We were quite successful in reversing the trajectory of the company and establishing a stable platform on which we can build.
Despite these accomplishments, and to a certain extent because of them, we're reporting the largest loss in the history of the company.
As you have no doubt seen, Duke Energy reported a net loss of $1.48 per share for 2003, which included $2.76 in special items, which we'll cover in more detail in just a minute.
Reported earnings for 2002 were $1.22 per share, and included charges for special items totaling 66 cents per share. Most of our business segments continued to deliver strong results for the quarter and the year.
Gas Transmission, Field Services, Internal and Crescent met their earnings targets and produced good cash flows.
Natural Gas Transmissions recognized it's first full year of earnings from the West Coast assets, and Field Services benefited from higher NGL prices and improving frac spreads.
Internal's Latin American assets delivered expected results. And National Methanol had record output during the year. Decreased earnings for the year at Franchised Electric reflected higher depreciation, amortization and O&M cost. The lower sales in our service territory, due to unfavorable weather for the year, were offset by higher off-system sales to wholesale customers.
DENA's ongoing results for the year reflected the continued oversupply of merchant generation and low spark spreads, which have precluded many of our facilities from generating cost effective power.
As we discussed in our call earlier this month, we took a number of charges for asset impairments at both DENA and DEI, and for costs to wind down the Duke Energy trading and marketing joint venture.
With these decisions behind us, DENA can now focus on divesting plants in the southeast and contracting more power supplies from our remaining facilities.
As part of our cost reduction efforts across the company, Duke Energy incurred approximately $153 million in severance costs during 2003.
Annual cost savings related to the workforce reduction and other cost savings initiatives will reach at least $200 million in 2004.
During this month, I shared with you some charges we planned to take during the fourth quarter. I'd like to update you on where we are regarding those charges, as well as other charges which will make up our special items for 2003.
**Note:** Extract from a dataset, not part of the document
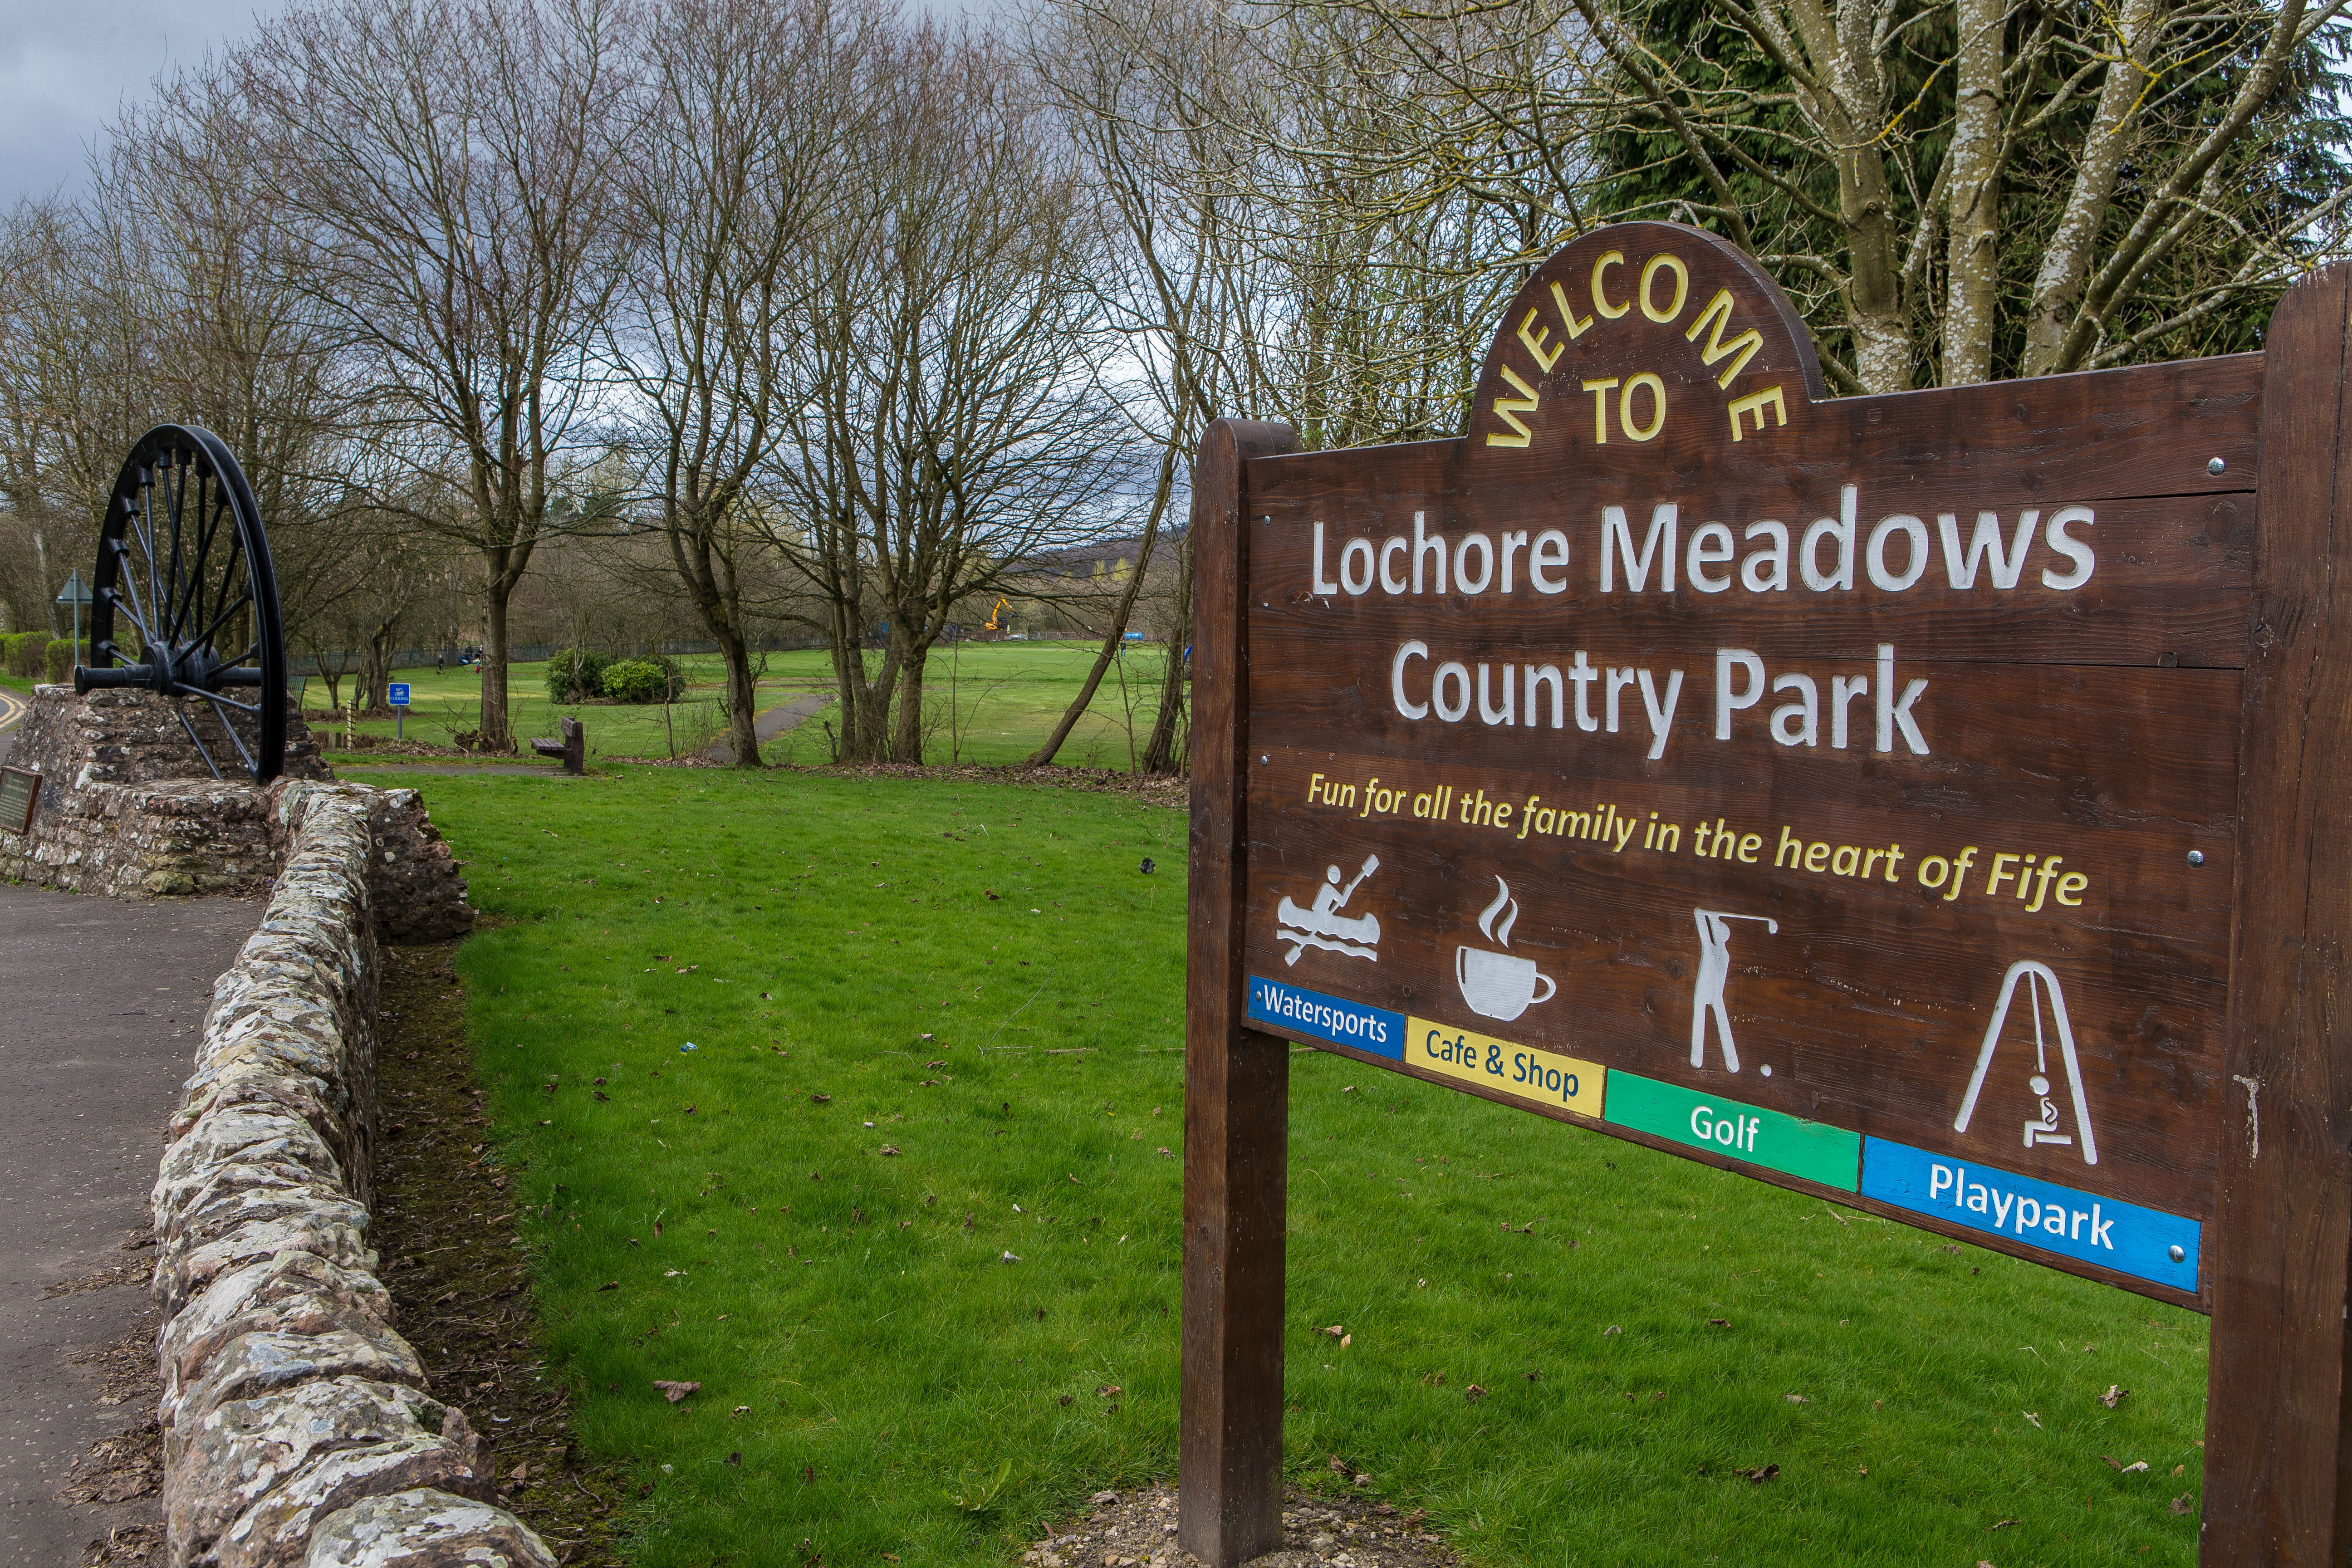 Lochore Meadows Country Park.

Now, this table has a lot of numbers on it, and I'm not going to walk through each item on the table, as we have already provided you with information concerning these charges in previous calls.
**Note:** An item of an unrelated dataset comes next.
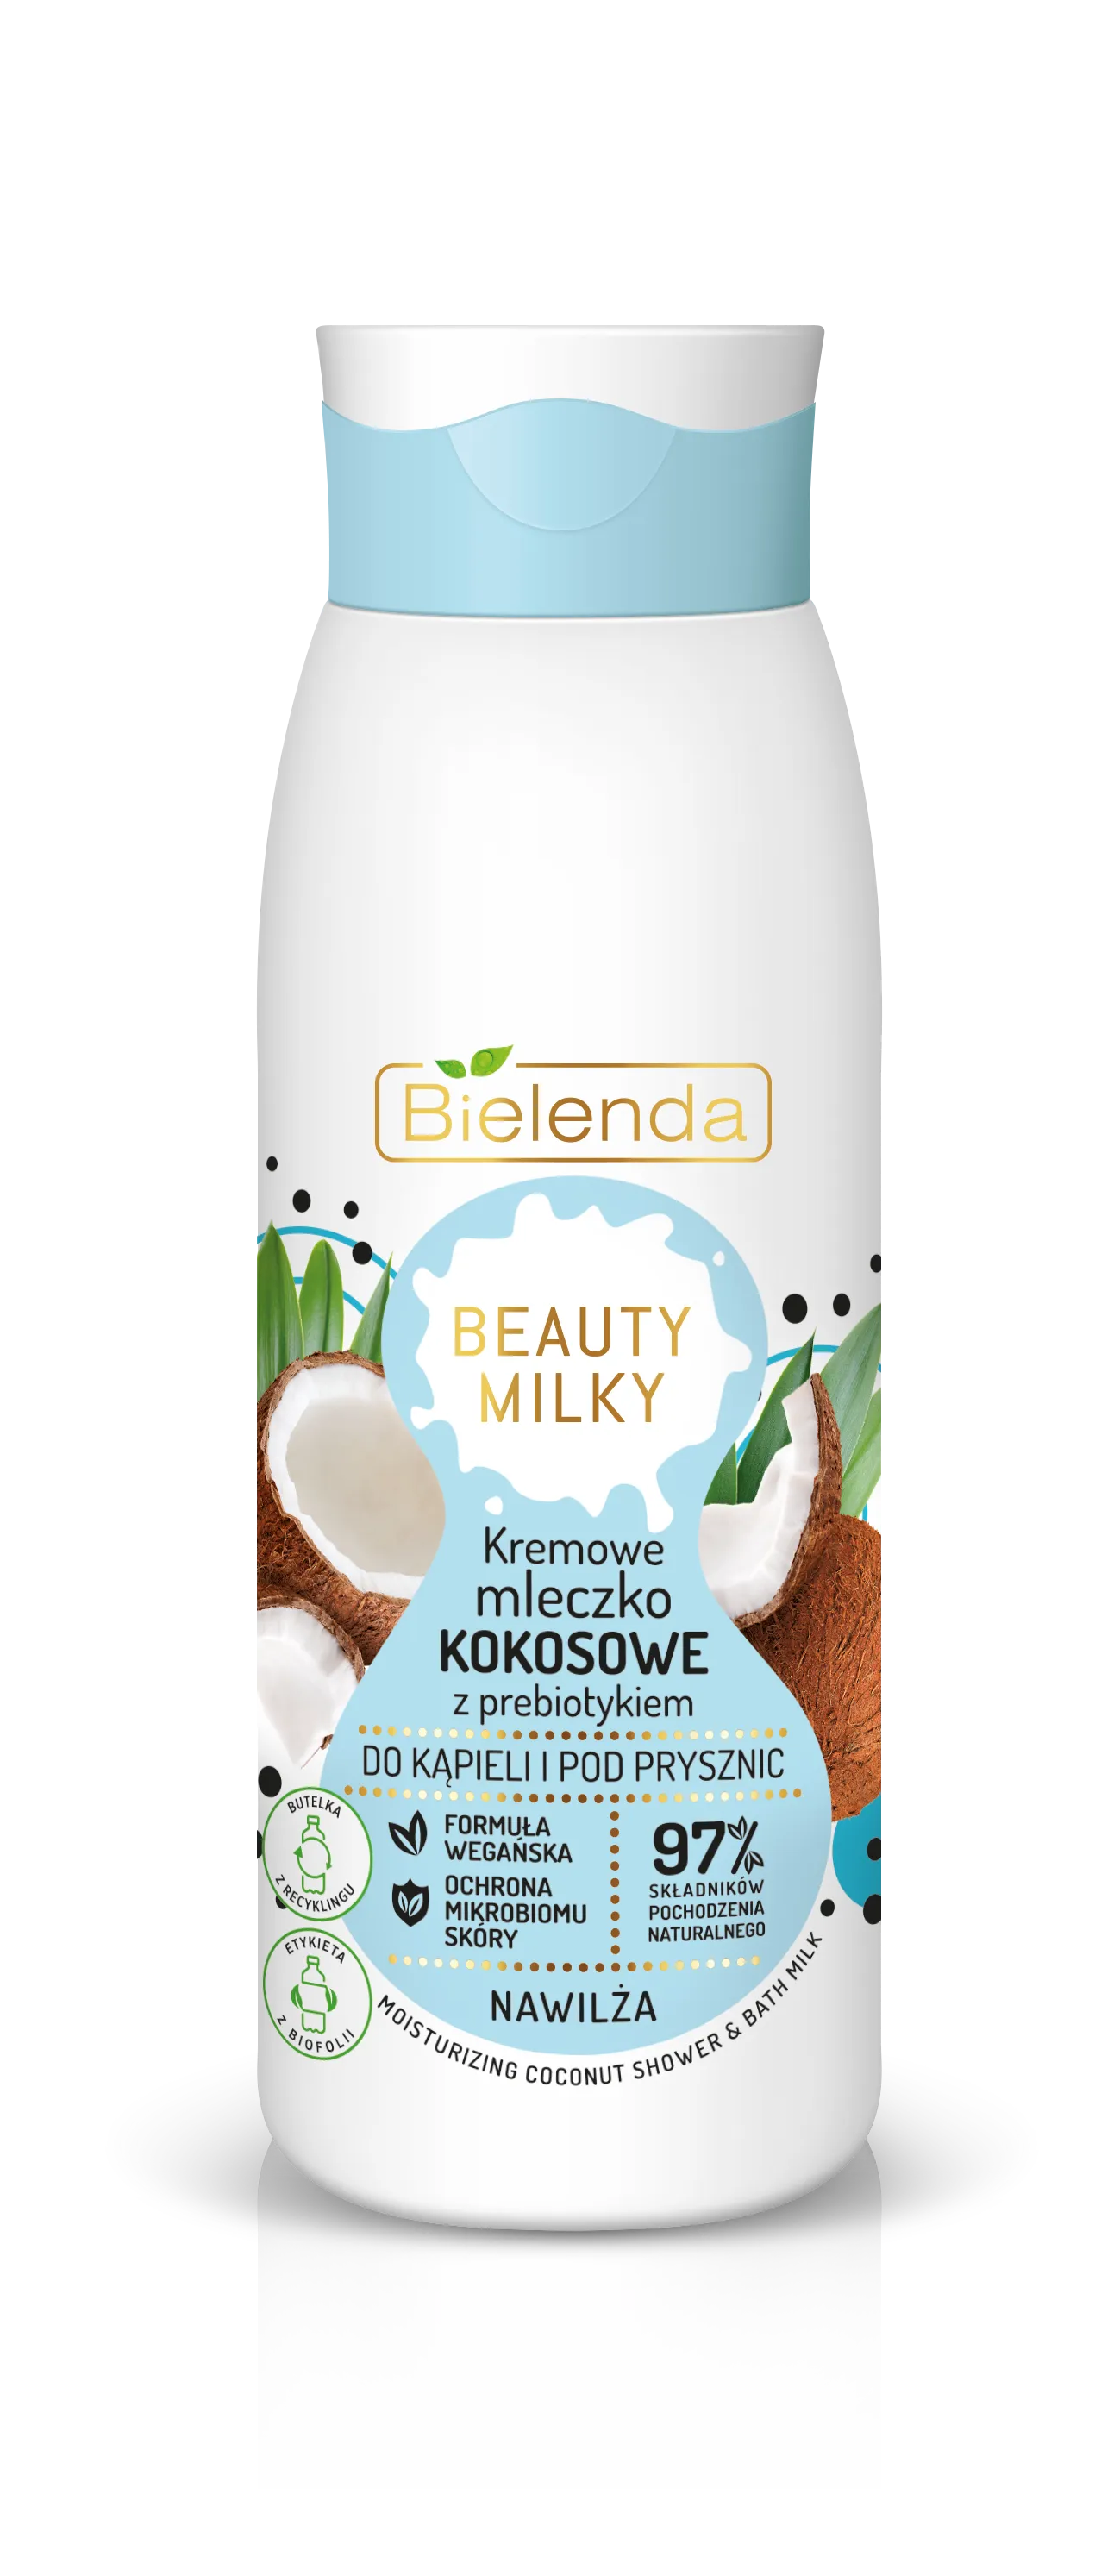 Bielenda Beauty Milky kremowe mleczko kokosowe do kąpieli i pod prysznic, 400 ml

But I thought you needed to see a table that summarized all of the special items included in our reported EBIT numbers. As you can see, the most significant items shown here have to do with the fourth quarter 2003 asset impairments of DENA, the associated disqualified hedges, and the wind down of Duke Energy trading and marketing.
The third quarter goodwill write down was the most significant charge not in the fourth quarter.
In addition to the numbers shown here, other special items totaling approximately $170 million are included in our financials as net losses from discontinued operations net of tax.
We've put this information out to help you better understand what our 2003 ongoing EBIT from continuing operations are for each of our reporting segments. With that, let me turn things over to David.
- Inteirm CFO, Senior VP
Thank you, Paul. For the fourth quarter of 2003, Duke Energy reported a loss of $2.23 per share.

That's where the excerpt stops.